Он читает поэму «Возмездие». Там говорится про Байрона, про ненастоящего Байрона, который очаровал младшую дочь из старой дворянской семьи. И будто дочь вышла за него замуж, и он увез ее с собой. В один сумрачный день она приехала одна. Худая, утомленная, она держала на руках грудного ребенка. И вот сын стал взрослый, но не пошел воевать, а веселился на балах. И вот один раз, танцуя, он узнал, что его отец умирает в Варшаве на улице Роз. Но когда он туда приехал, то увидел, что отец лежит в постели мертвый. (Описание наружности отца в гробу совсем совпадает с наружностью Блока. Благородные глаза закрыты. Тело вытянуто и благородно. На пальце — обручальное кольцо.) Сын снял кольцо с благородного пальца отца и перекрестил отца на сон веков.

Когда сын стоял у могилы, тут же была женщина в черном платье и траурной вуали.

В другой части Александр Александрович читал про войну, про войска, которых много погибло в бою, но они шли, полные героизма, и на них смотрела императрица.

Он говорил ровным, одинаковым голосом.

Мне кажется, он еще говорил, что сын забыл отца.

Потом А. А. Блок остановился и кончил. Все аплодируют. Он смущенно откланивается. Народ кричит: «Прочтите несколько стихов!», «Двенадцать»! «„Двенадцать“, пожалуйста!»

— Я… я не умею читать «Двенадцать»!

— «Незнакомку»! «Незнакомку»!

«Утро туманное, — читает А. А. Блок. — Как мальчик шаркнула, поклон отвешивает. До свиданья! И звякнул о браслет жетон. Какое-то воспоминанье!» (Эти строки остались у меня в памяти с ранних лет и останутся навсегда.)

Больше я стихов в напеве не помню, но могу передать в прозе: «Твое лицо лежит на столе в золотой оправе передо мной. И грустны воспоминания о тебе. Ты ушла в ночь в темно-синем плаще. И убираю твое лицо в золотой оправе со стола».
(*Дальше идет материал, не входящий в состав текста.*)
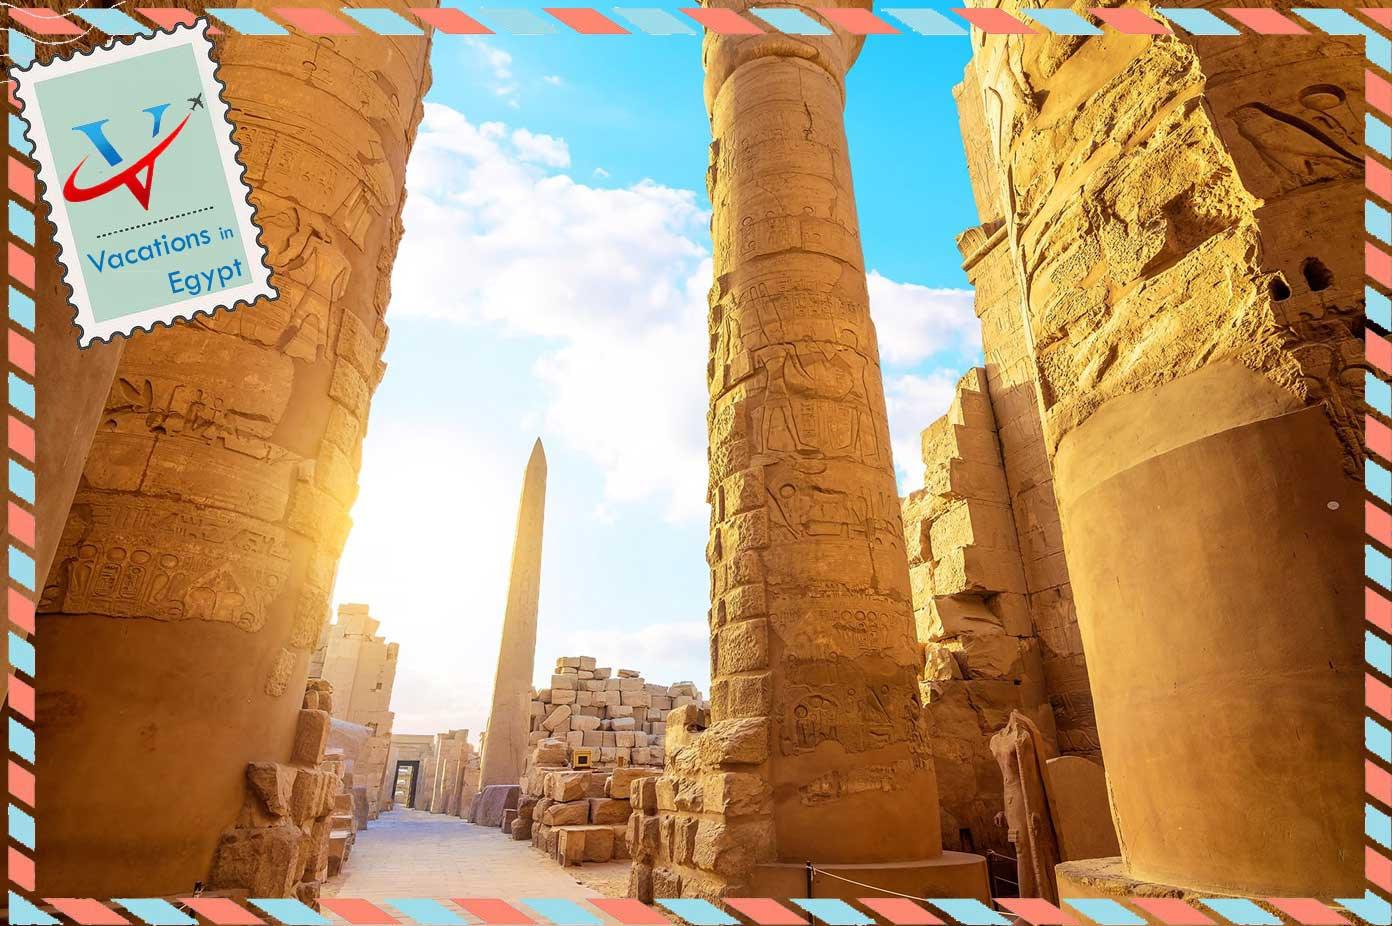 Luxor tour from sharm el sheikh

А. А. Блок читает «колокольцы», «кольцы», оканчивая на «ы». Читает деревянно, сдержанно, укороченно. Очень сурово и мрачно. «Ты хладно жмешь к моим губам свои серебряные кольцы».

Иногда Блок забывал слова и тогда оглядывался на сидящих за его спиной даму и господина, которые, слегка улыбаясь, подсказывали ему.

У моей Марины, сидящей в скромном углу, было грозное лицо, сжатые губы, как когда она сердилась. Иногда ее рука брала цветочки, которые я держала, и ее красивый горбатый нос вдыхал беззапахный запах листьев. И вообще в ее лице не было радости, но был восторг.

Становилось темно, и Блок с большими расстановками читал. Наверное, от темноты. Тогда какой-то господин за нашей спиной зажег свет. Зажглись все свечи в люстре и огромные лампы по бокам комнаты, очень тусклые, окованные в толстое стекло.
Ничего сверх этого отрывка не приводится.